I had to advance my TPS for my 2010 750


----------



## brute for mud (Jul 15, 2010)

The Efi brute are suppose to adjust the idle themselves. I do believe


----------



## hp488 (Sep 23, 2009)

You can adjust the tps sensor. Do you have any kind of leaks around any of the boots or lines or kinked lines?


----------



## brute34 (Jan 18, 2010)

i got a 2010 750 with a full hmf system and hmf optimizer and with the optimizer on it runs fine but at idle it idles low how do you adjust that i figured u cant since it is all done by the computer


----------



## filthyredneck (Feb 10, 2010)

To adjust the TPS you'll need a T-25 tamper-resistant torx bit (the one with the hole in the center).
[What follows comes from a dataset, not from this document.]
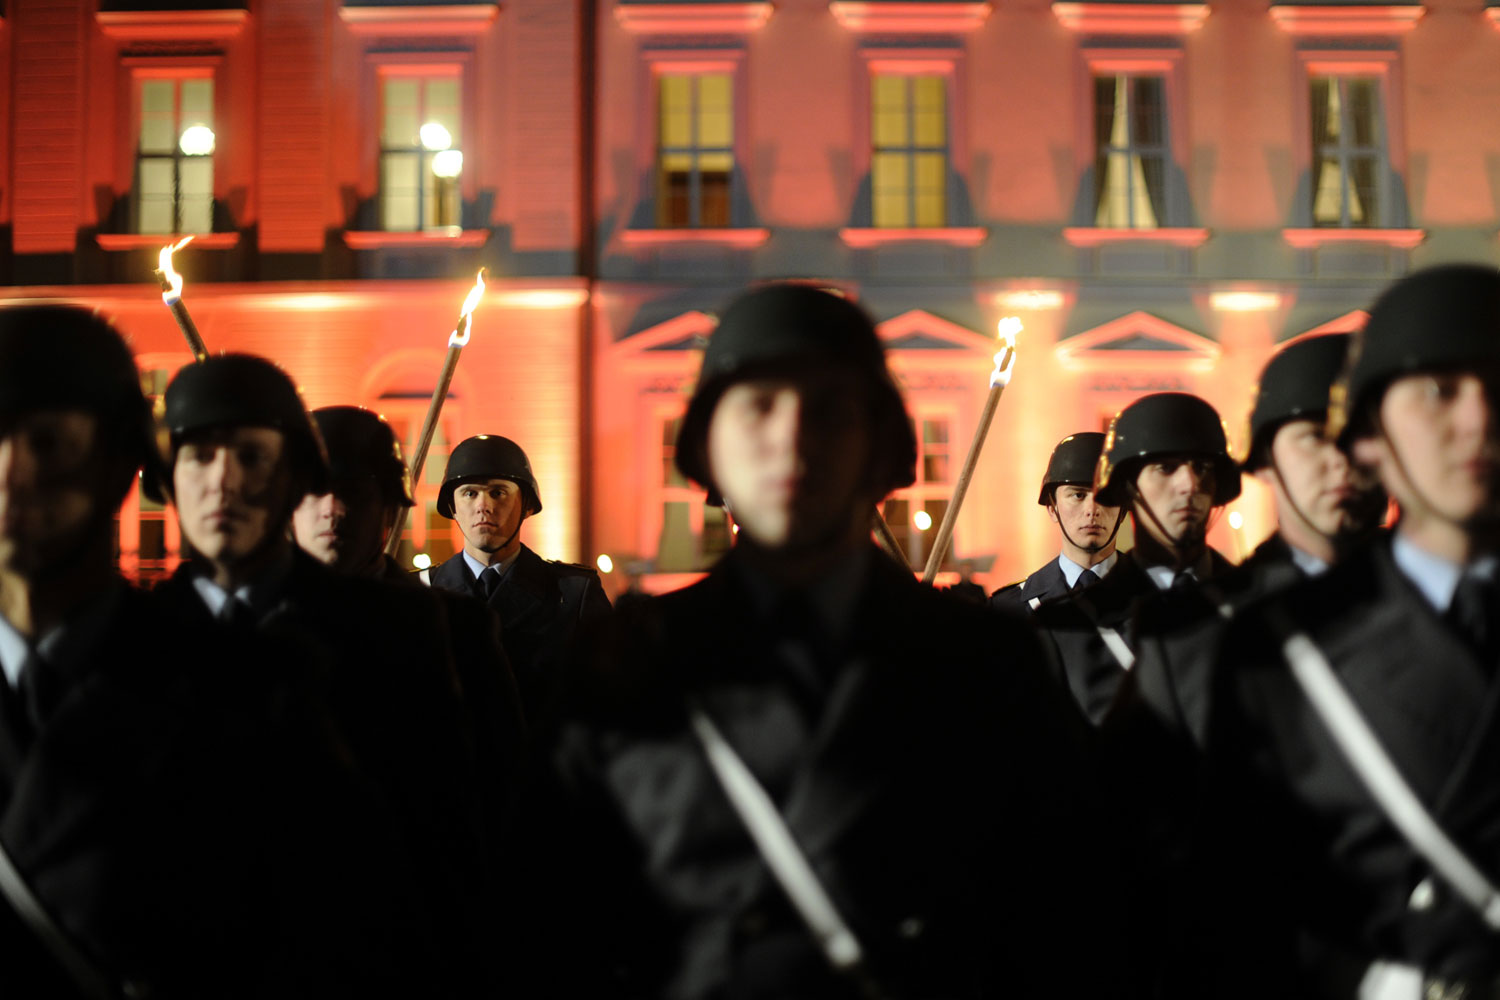 March 8, 2012. Soldiers of the German armed forces Bundeswehr carry torches during a farewell ceremony for the former German President at Bellevue Palace in Berlin.

Locate the TPS....its basically below and behind the gear shifter, loosen the two screws that hold it in place and slowly rotate it, it is slotted where the screws go through it to allow it to be clocked a decent amount in either direction. Turn it too much in either direction and it'll run like poo so pay attention to where its set at in the grooves before you try to adjust it. I can't remember which direction idles it up and which way is down...but I think clockwise idles up, just don't hold me to it. The computer doesn't compensate much at all for fuel mapping, if it did then we wouldn't all be buying programmers for our EFI's lol. Hope this helps somebody.


----------



## Leardriver (Feb 21, 2012)

What are you looking for when you rotate the TPS? Just a smoother idle? Is there a volt measurement that can be taken?


----------



## Daniel80 (Feb 26, 2012)

I advanced mine forward to far and when I mashed it, it died, so I had to roll it back a lil, and I had to play with my idle air scew


----------



## countryboy61283 (Mar 20, 2010)

Where is the idle air screw


----------



## Daniel80 (Feb 26, 2012)

When you pull the battery box out, look at the base of the intake straight forward and down, there will be a brase looking flat head screw, make sure you screw it all the way in and count the rotations in before you play with it, just incase your problem turns out to be somewhere else.


----------